*EXERCISE INSTRUCTIONS:*
Having located the line with "DESK-GmbH-CA403-CAMAC-Cassette-Seite-rechts", print it and each remaining line exactly, stopping at the end of the material and omitting pictures.

*DATA SEGMENT:*
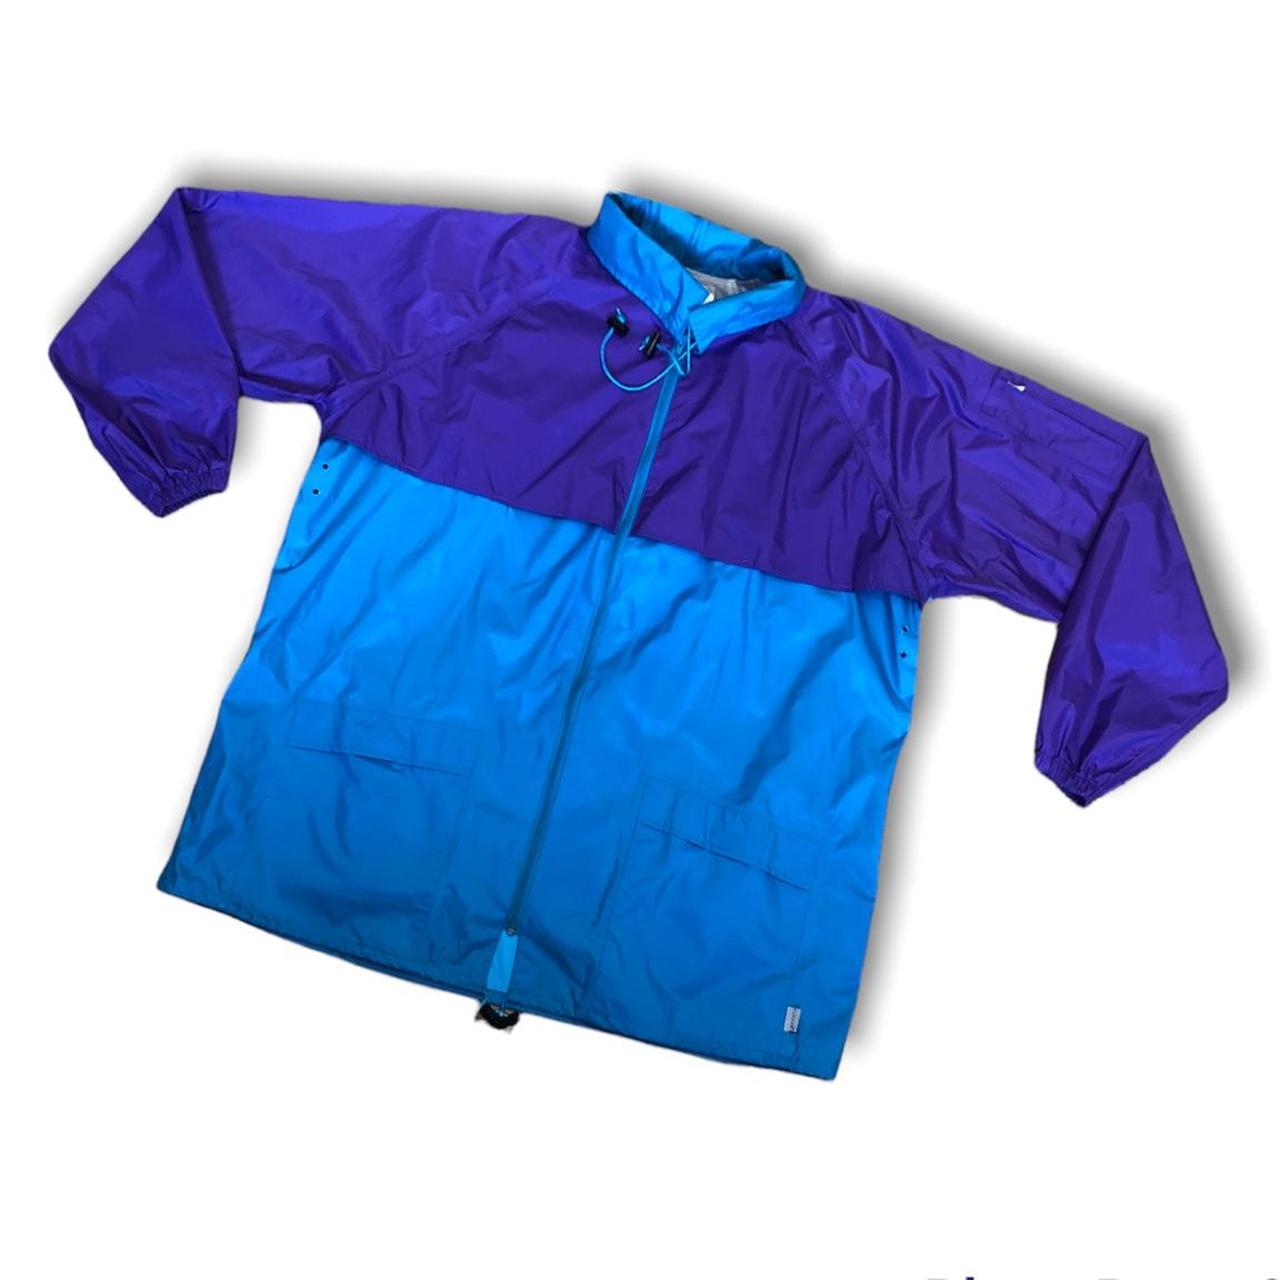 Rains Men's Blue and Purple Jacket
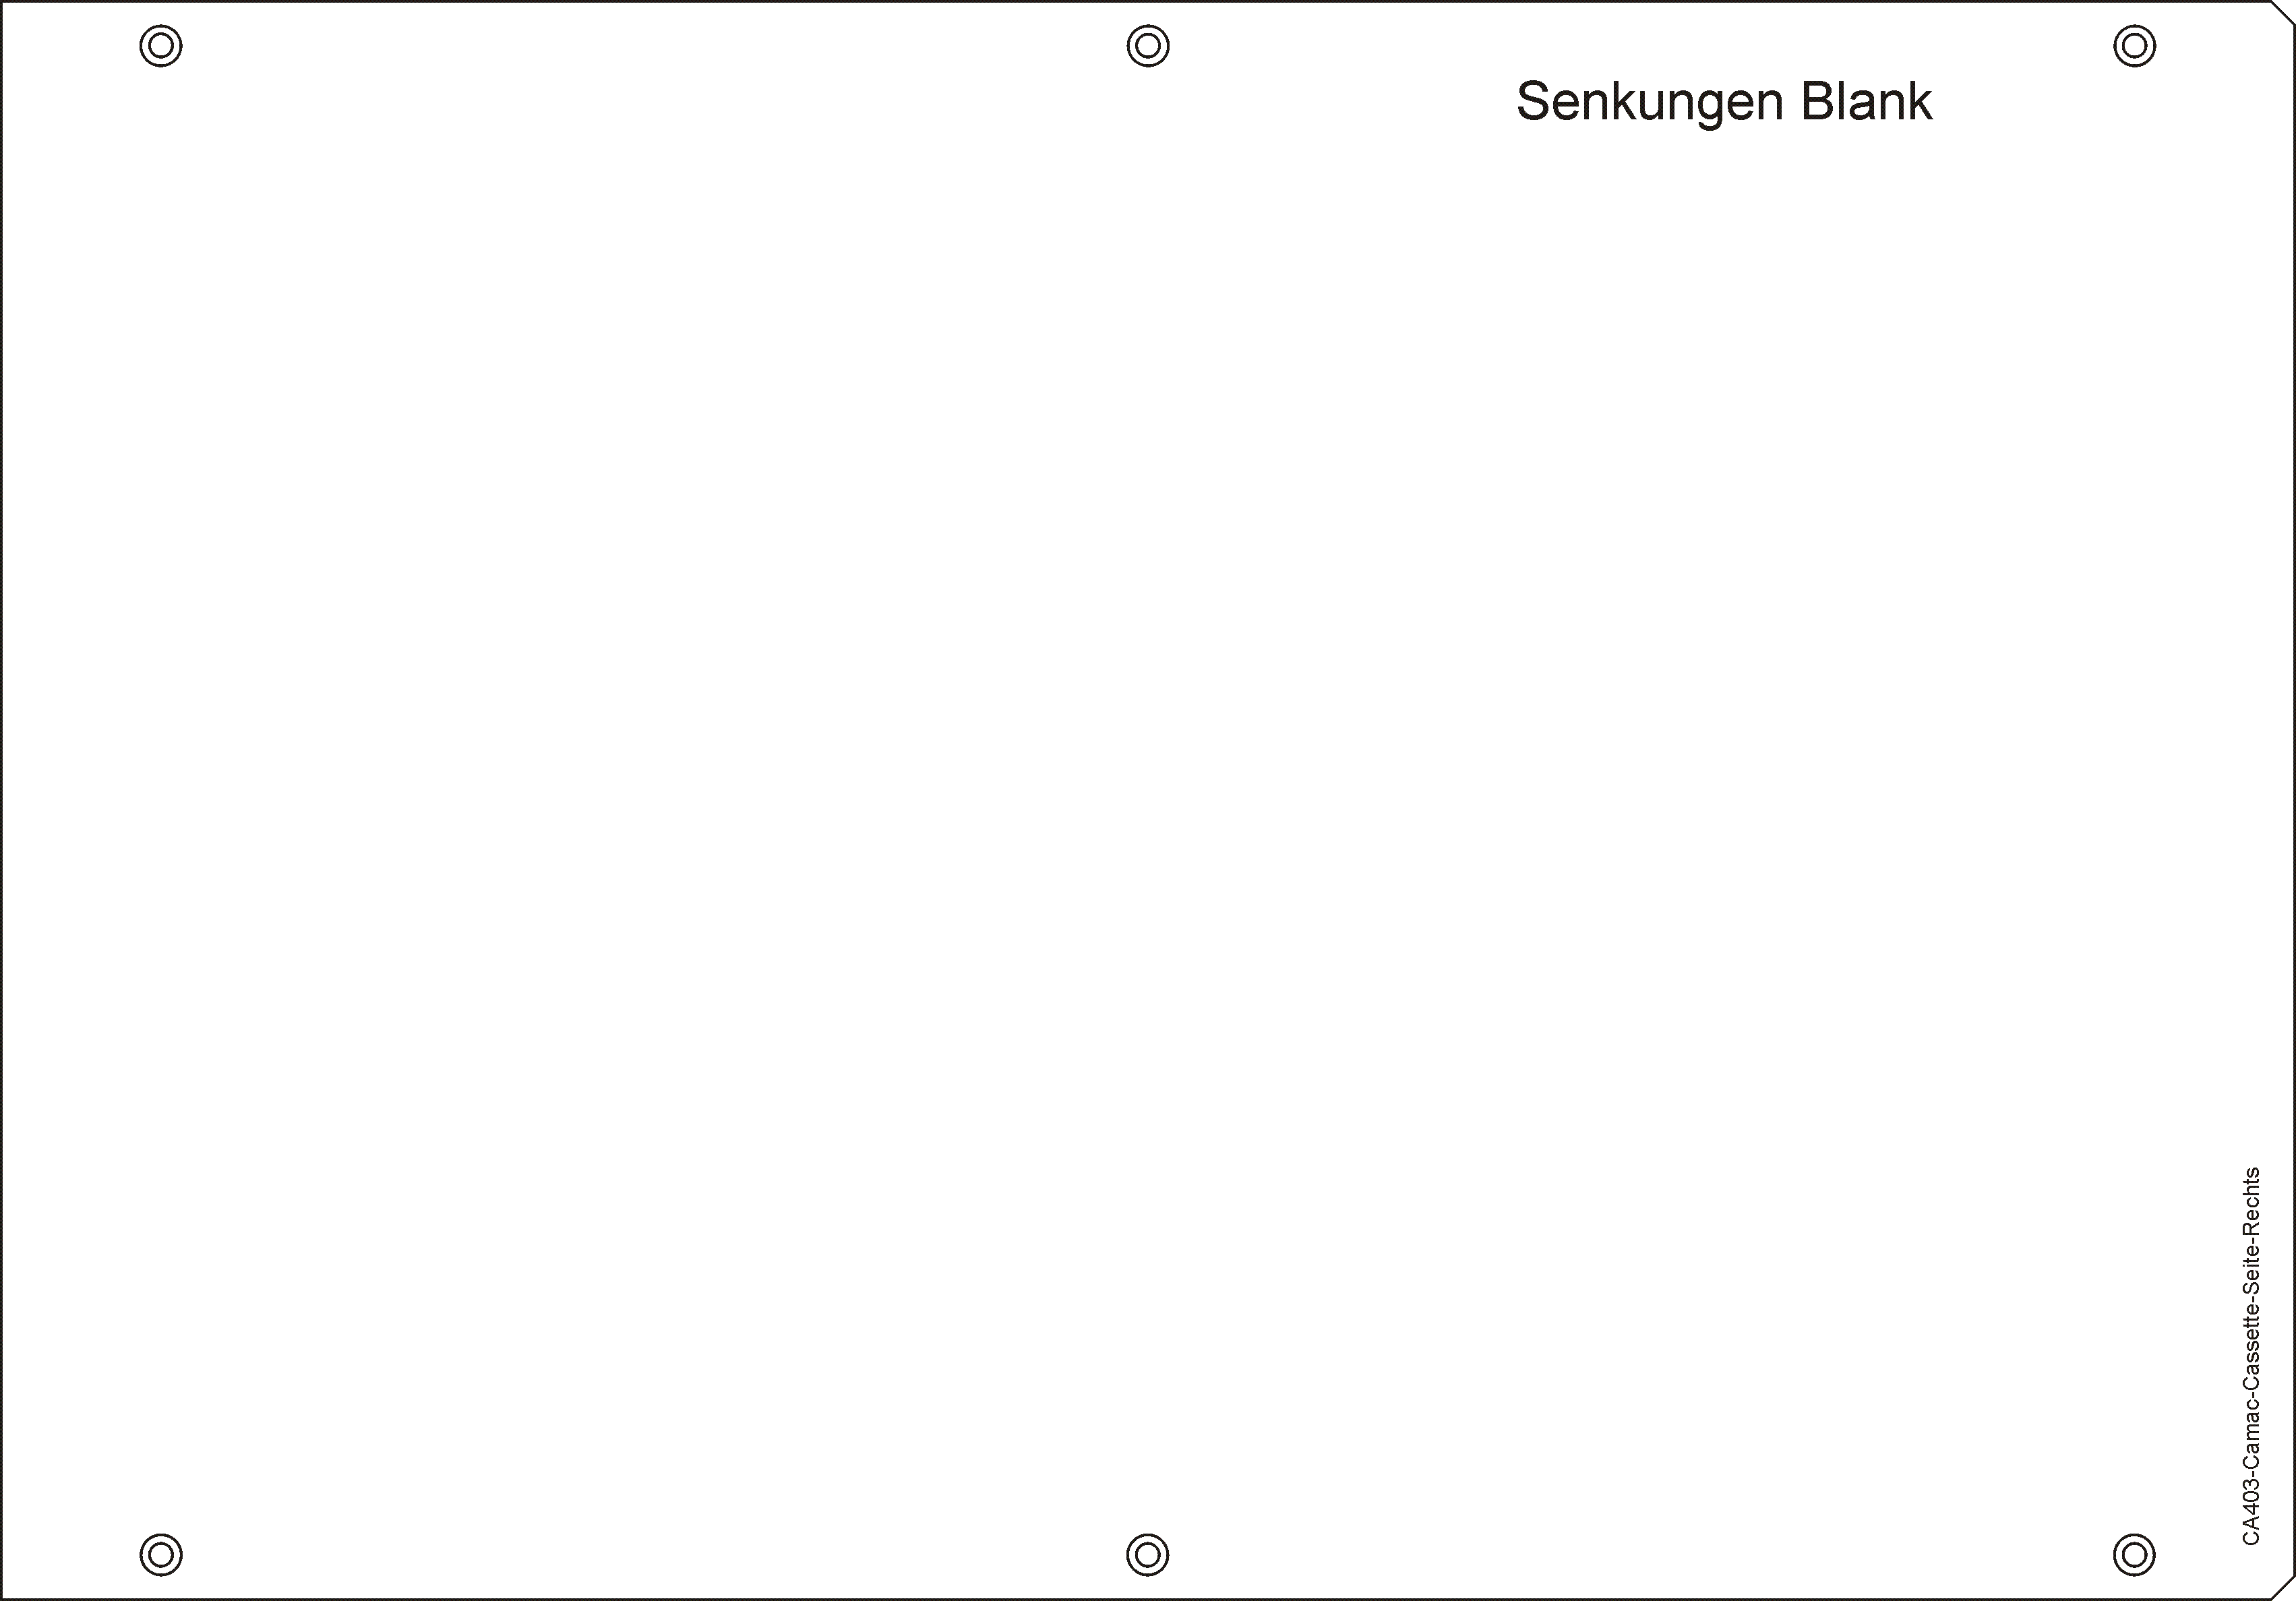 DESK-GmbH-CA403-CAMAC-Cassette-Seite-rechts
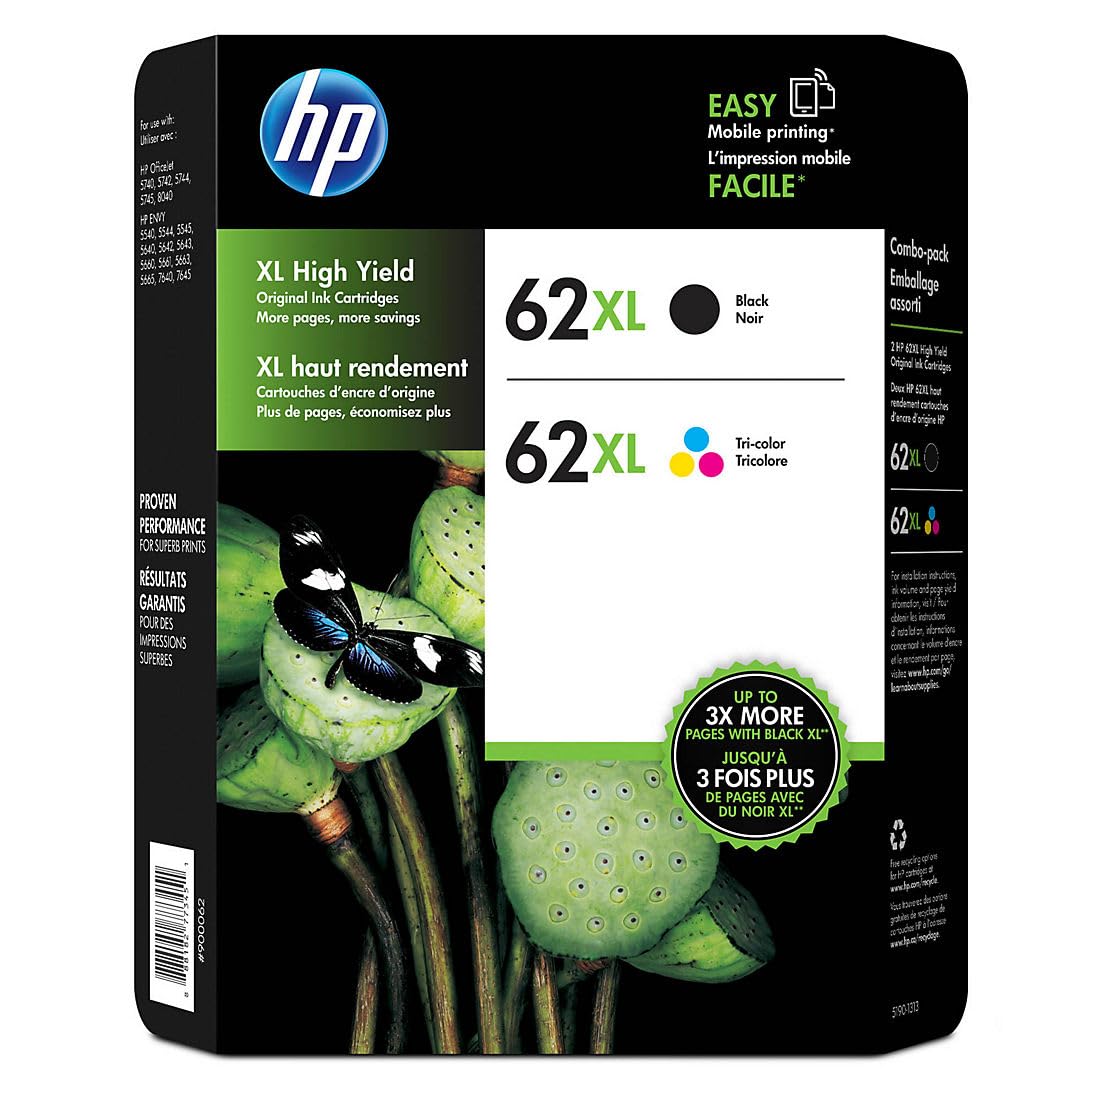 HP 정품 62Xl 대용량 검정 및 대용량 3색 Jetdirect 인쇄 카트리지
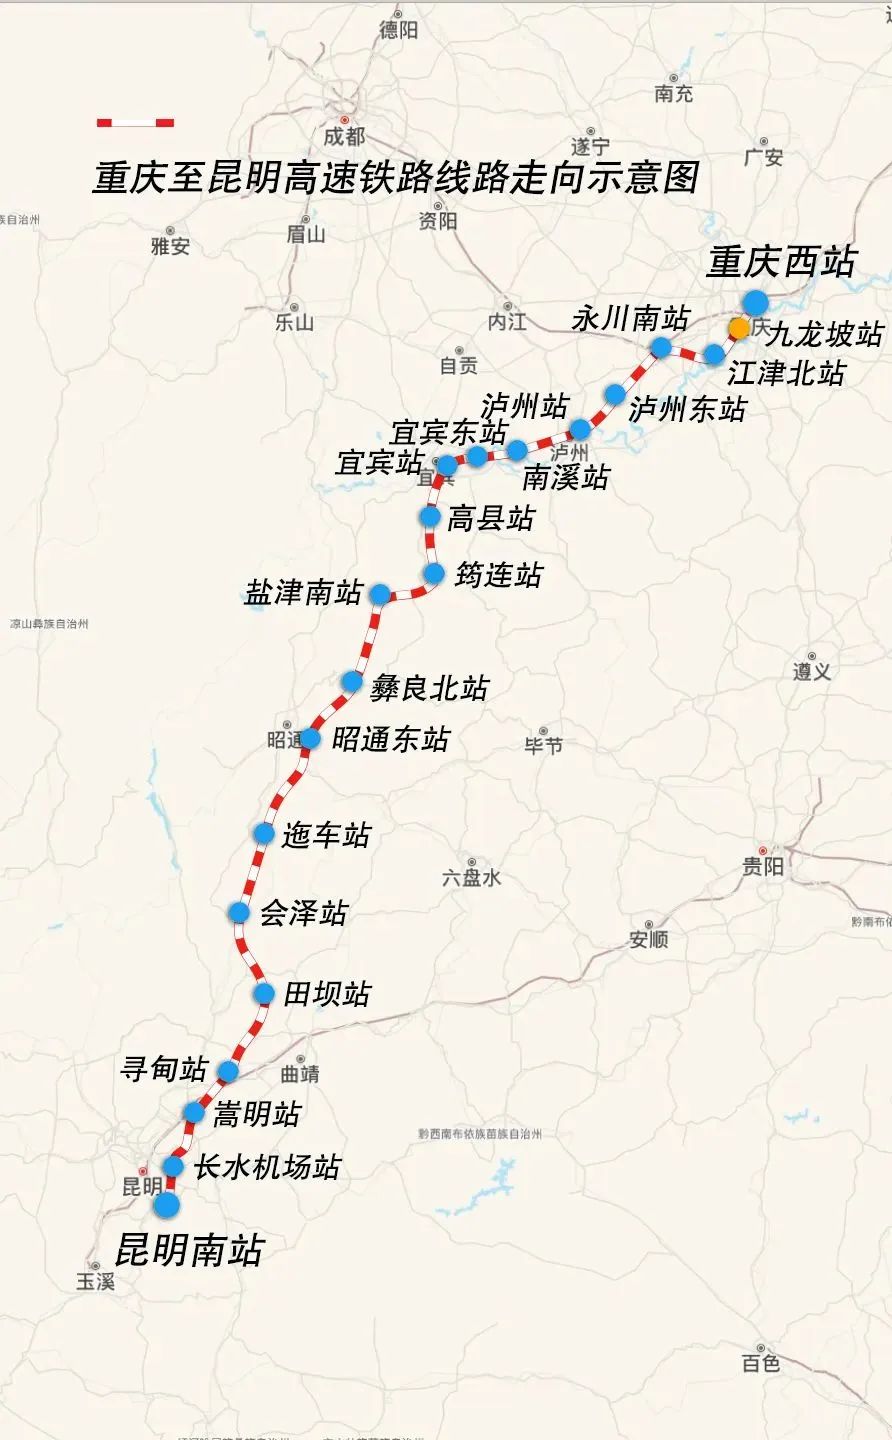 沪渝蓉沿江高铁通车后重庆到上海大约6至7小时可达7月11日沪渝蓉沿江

*YOUR SOLUTION:*
 DESK-GmbH-CA403-CAMAC-Cassette-Seite-rechts
 HP 정품 62Xl 대용량 검정 및 대용량 3색 Jetdirect 인쇄 카트리지
 沪渝蓉沿江高铁通车后重庆到上海大约6至7小时可达7月11日沪渝蓉沿江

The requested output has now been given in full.